Looking at the sentiment of his most used words could also give us insight into this idea.
louis_sentiment_graph<- louis_words %>%
head(10) %>%
ggplot(aes(word, n)) + geom_col ()
louis_sentiment_graph <-louis_words %>%
inner_join(get_sentiments("afinn"))
louis_sentiment_graph %>%
head(10) %>%
ggplot(aes(reorder(word, n), n, fill=value)) +
geom_col() +
coord_flip() +
ggtitle("Louis Tomlinson Sentiment of Top 10 Words")+
labs(x="Words",y="Occurences")+
theme_solarized()+
scale_fill_gradient(low="red", high="purple")
The scale for Tomlinson’s most frequent sentiment goes from -3 to 3, which is slightly wider than that of One Direction. There appears to be several words that fall into the neutral to negative range with only 4 words being clearly positive, one of which being “yeah”. It looks like Tomlinson uses strong and descriptive language to achieve getting sentiment accross in his music, but does not lean in an obvious direction to either the positive or negative side.
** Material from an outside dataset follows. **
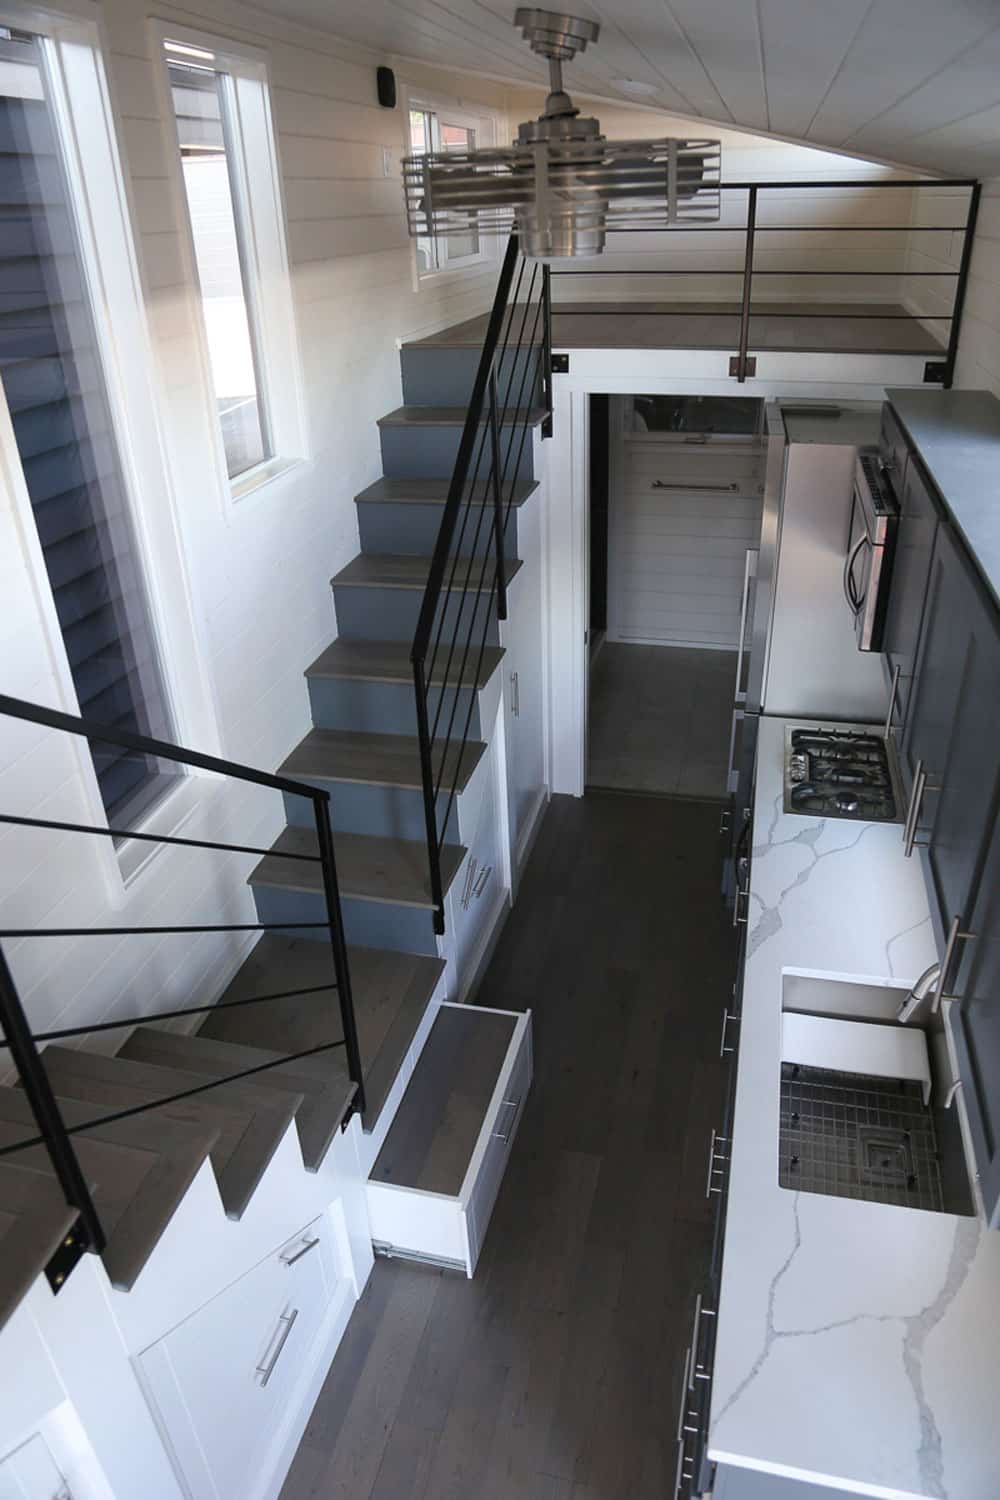 Stairways to lofts in the Contempo custom tiny home
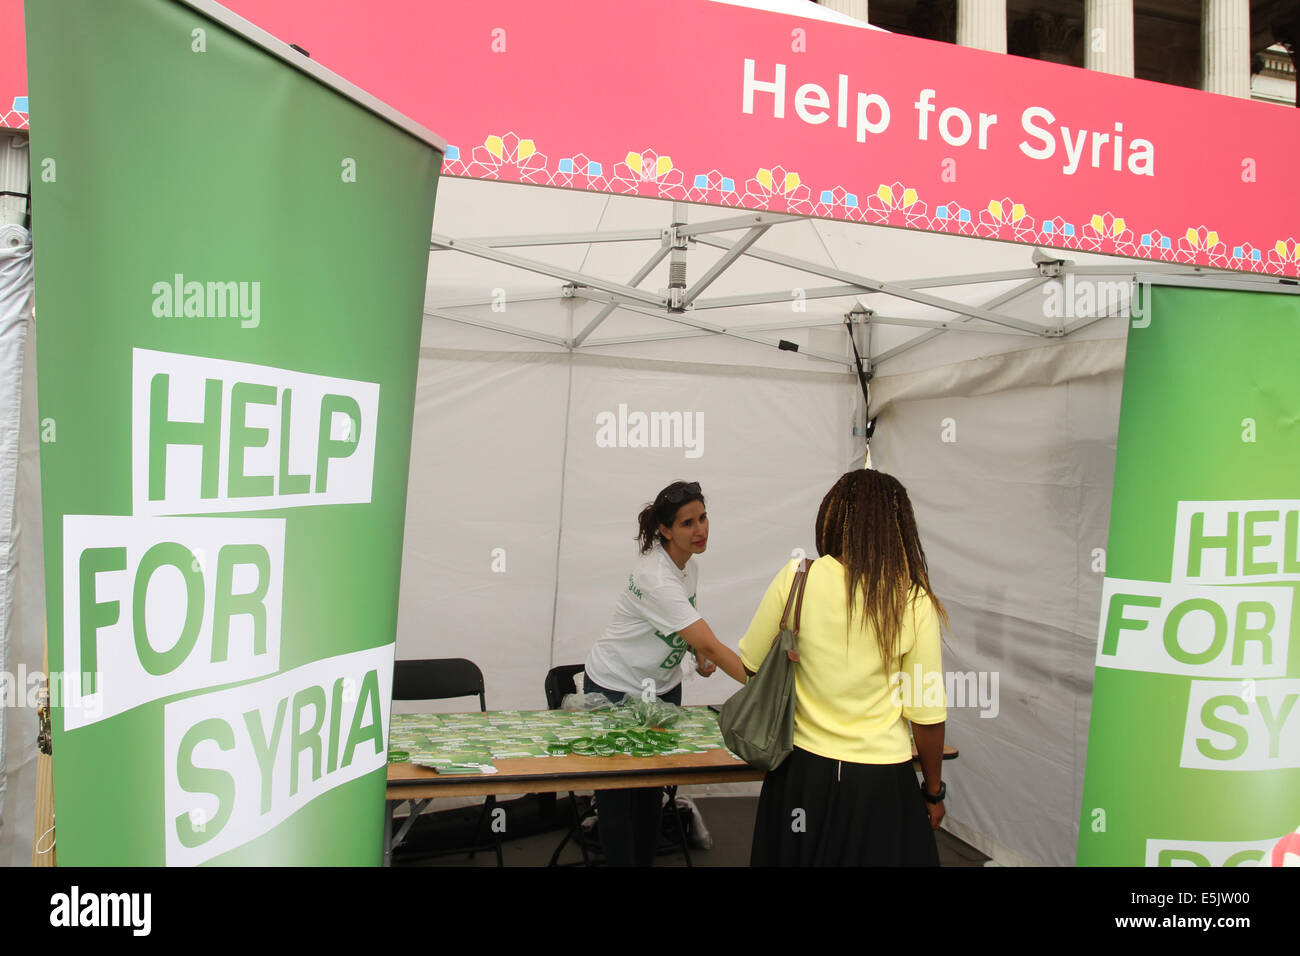 London, UK 2 August 2014.  The Help for Syria stall at Trafalgar Square.The Eid Festival event sponsored by the Mayor of London and partnered by Lebara mobile, Zee Entertainment, Malaysia Kitchen amongst others. Stock Photo

With more artistic and creative freedom working as solo artists, the former members of One Direction all had the ability to make their music their own. Since the band was known for their upbeat, pop songs that were geared towards a young female audience, it would be reasonable to assume that after going solo their music would grow along with them. Based on this analysis, we see that all five band members put out music that contained lyrics that were more diverse in content than that of One Direction as a whole. Less generic and more specific words were used and often more mature langauge, such as curse words and sexual references. Each artist adapted their own style of music which could contribute to the shift in lyrics, though further analysis into the music itself and not just the lyrics would get a better picture of how the each band member drifted towards certain genres. The part of my hypothesis predicting more mature lyrics from the individual members appeared to hold up after looking at the data. The langauge used and the kinds of words that are frequented differ from that of the band. What has not been proven is whether each member got more negative in their lyrics after going solo. While some artists have more albums than others, the mean positive and negative sentiment values are only slightly different across the board from that of One Direction and aren’t enough to make a definitive conlusion. We do see more graphic and descriptive negative words, but that ties into the maturity aspect moreso than overall sentiment. Each band member has fairly balanced lyrics in terms of sentiment and the only major difference we see from One Direction is the content of the lyrics themselves. There is also not one single artist that stands out as differing the most from the band, as both content and sentiment of their lyrics generally are different in their own way. The main takeaway from this analysis is each former member of One Direction found their own voice and wrote songs that matched their individual style with more mature and descriptive content lyrically.